Here are the tax changes that will affect your pocketbook in 2024
Global News
While inflation has eaten away at Canadians' pocketbooks in recent years, the resulting changes to how marginal tax rates and other benefits are indexed might be a boon for filers.
Canadians preparing their taxes and finances for 2024 might find a bit of help from an unexpected friend: inflation.
Though the rising cost of living tended to cool for much of 2023, still-elevated inflation from the last few years acts as a benchmark for a number of government programs and tax filing metrics.
In other words, after eating away at Canadians’ pocketbooks for a bad couple of years, inflation could pay it forward in 2024.
Here’s what’s new for tax filing, savings contributions and other financial changes in 2024.
Canadians’ marginal tax rates are set for a sizeable inflation adjustment this year.
The Canada Revenue Agency (CRA) uses the index of inflation from the previous year to determine how much tax Canadians pay on different amounts of income in the next year.

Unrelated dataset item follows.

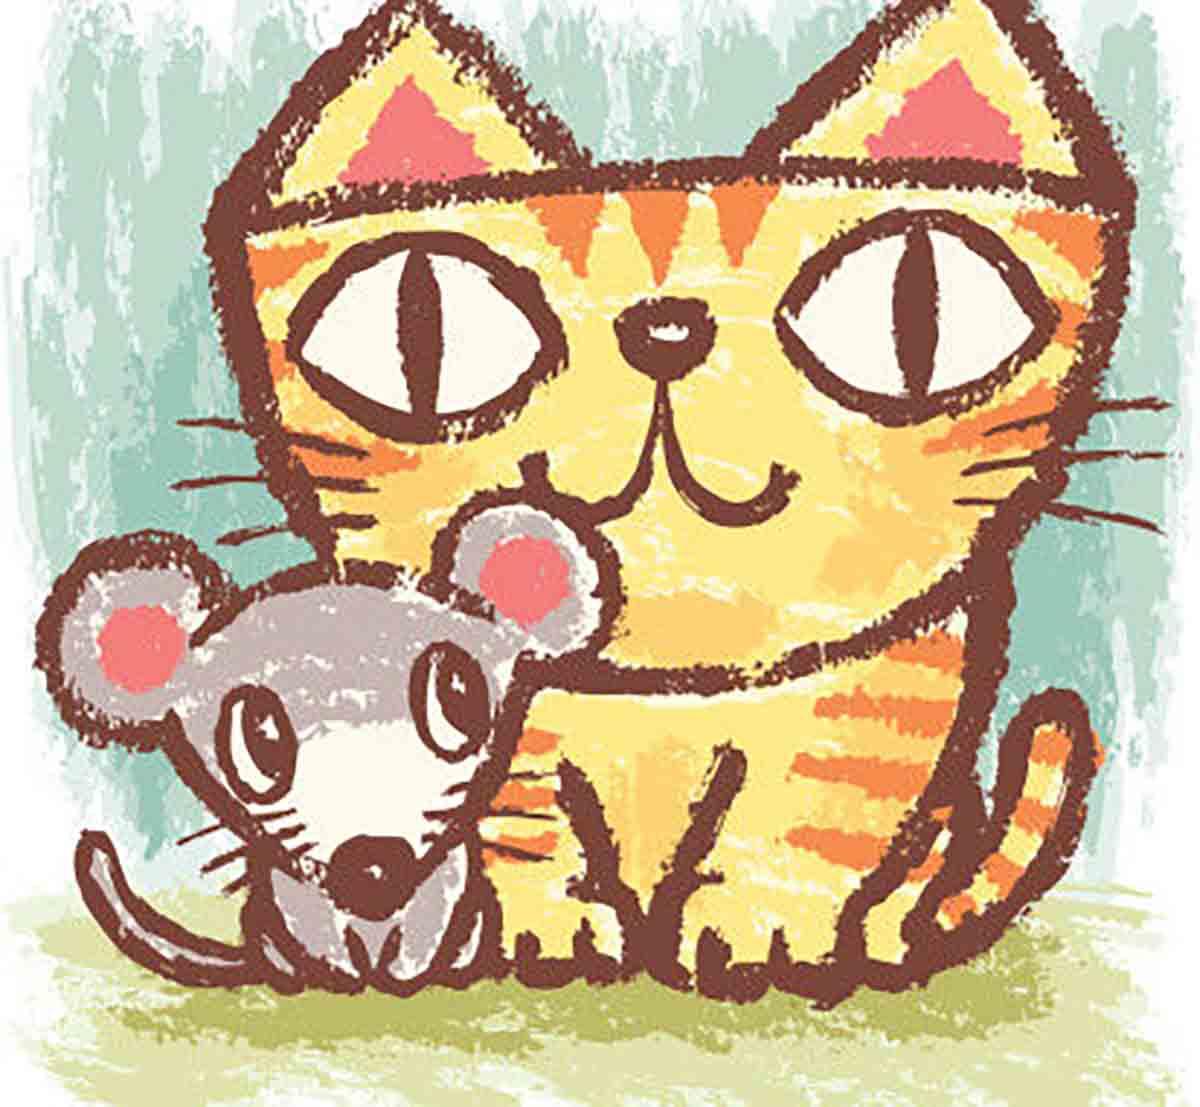 el raton y el gato hacen vida comun cuento corto
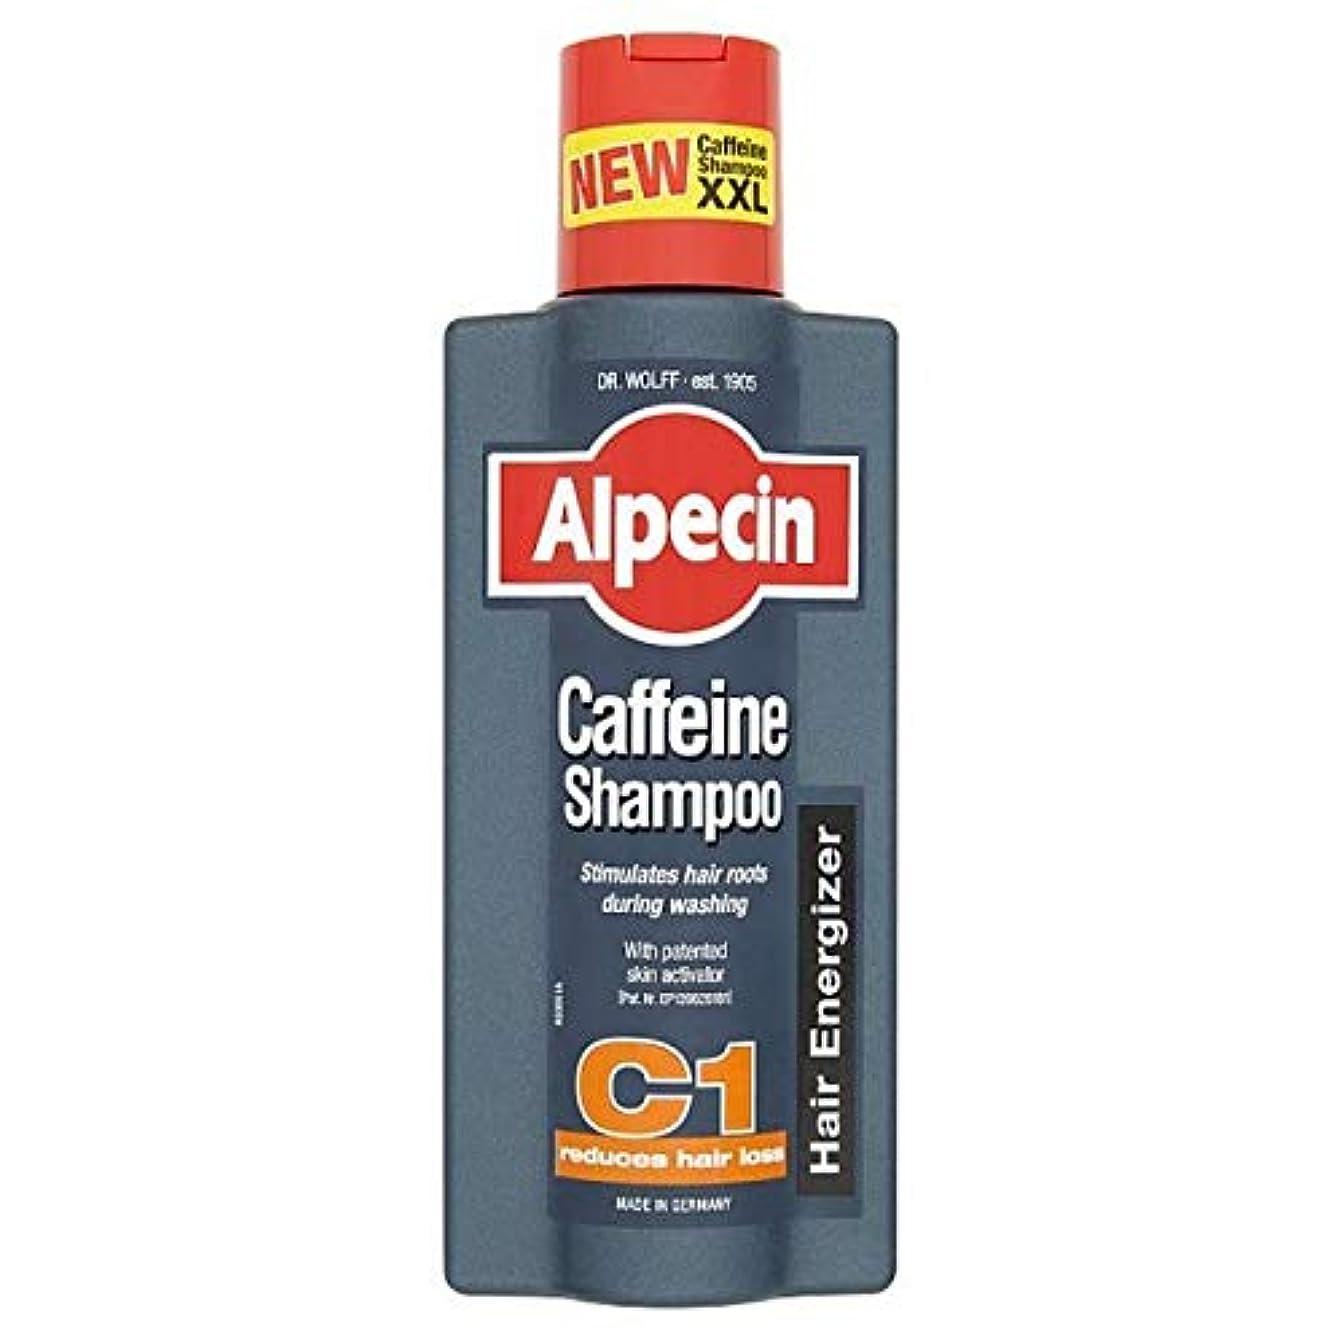 評論家考古学的なマインドフル[Alpecin] C1カフェインシャンプー375ミリリットルAlpecin - Alpecin C1 Caffeine Shampoo 375ml [並行輸入品]

The higher the limits for each bracket, the less tax Canadians will pay on the corresponding portion of their income.
Since inflation peaked at a 41-year-high in 2022 and was elevated for much of that year, it has a big impact on the 2023 tax year — the one Canadians will be filing for this coming spring.
The federal indexation factor for 2023 was set at 6.3 per cent — a substantial jump from 2.4 per cent in 2022.